Parallel to the SNP-based effort, we employed a coalescent hidden Markov model (coal-HMM) approach to estimate speciation time, recombination rate and ancestral N_e from the alignment of 20-fold coverage of a Bornean individual to the Sumatran reference (Supplementary Information section 17). This method also supported a relatively recent Bornean/Sumatran speciation time (334 ± 145 kyr ago), and estimated a recombination rate of 0.95 ± 0.72 cM Mb⁻¹. We independently estimated the ancestral N_e of the autosomes (26,800 ± 6,700) and the X chromosome (20,400 ± 7,400), which was consistent with the theoretical 3/4 effective population size of X chromosomes compared to autosomes. The Bornean and Sumatran X chromosome thus diverged as expected, in contrast to the human–chimpanzee speciation process^26,27.

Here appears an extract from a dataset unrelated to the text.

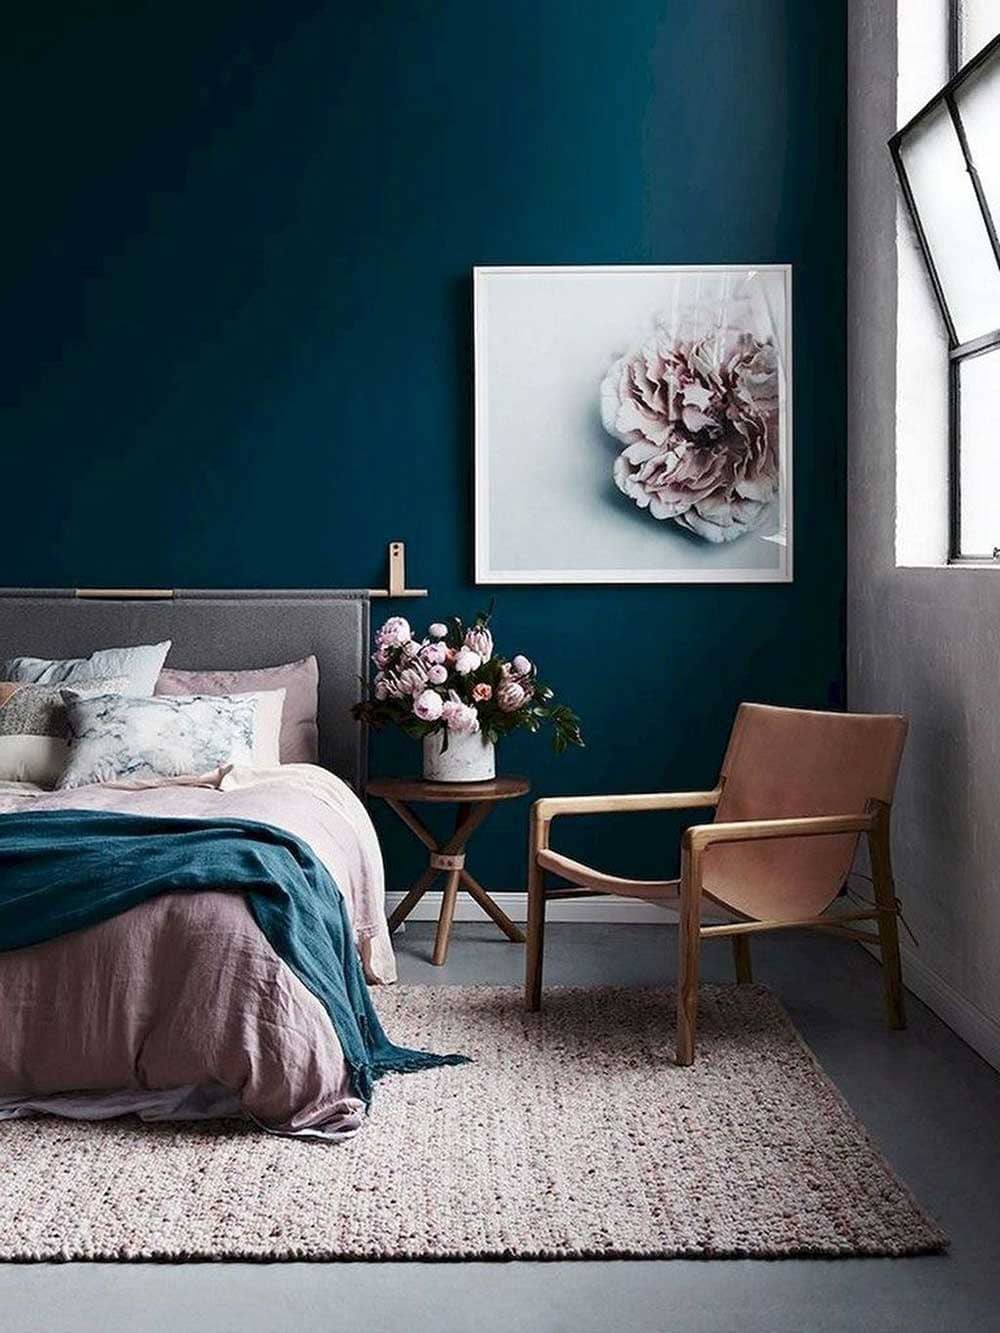 Chambre chic aux murs bleu avec touches de rose et tapis chiné texturé

The orang-utan story is thus a tale of two islands with distinct evolutionary histories. Our high-resolution population studies explored the counter-intuitive nature of orang-utan diversity—greater variation among Sumatran orang-utans than their Bornean counterparts despite a smaller population size (approximately sevenfold lower by recent estimates). Further dissection of the orang-utan speciation process will require a broader survey, incorporating representatives from additional orang-utan subpopulations.

Finally, even though we found deep diversity in both Bornean and Sumatran populations, it is not clear whether this diversity will be maintained with continued habitat loss and population fragmentation. Evidence from other species suggests fragmentation is not the death knell of diversity²⁸, but their slow reproduction rate and arboreal lifestyle may leave orang-utan species especially vulnerable to rapid dramatic environmental change. It is our hope that the genome assembly and population variation data presented here provide a valuable resource to the community to aid the preservation of these precious species.

Methods Summary

Whole-genome sequencing was performed as described previously^12,13,14. The genome assembly was constructed with a custom computational pipeline (Supplementary Information section 1). Assembly source DNA was derived from a single Sumatran female (Susie; Studbook no. 1044; ISIS no. 71), courtesy of the Gladys Porter Zoo, Brownsville, Texas. Short fragment sequencing libraries for population studies (Supplementary Information section 4) were constructed in accordance with standard Illumina protocols and sequenced on the Illumina GAIIx platform. The resulting data were processed with Illumina base-calling software and analysed using custom computational pipelines. See Supplementary Information for additional details.

Supplementary information

Supplementary Information^{(11MB, pdf)}

This file contains Supplementary Information, Sections 1-22 (see Table of Contents), which include Supplementary Figures with legends, Supplementary Tables, Supplementary Methods and additional references. (PDF 11307 kb)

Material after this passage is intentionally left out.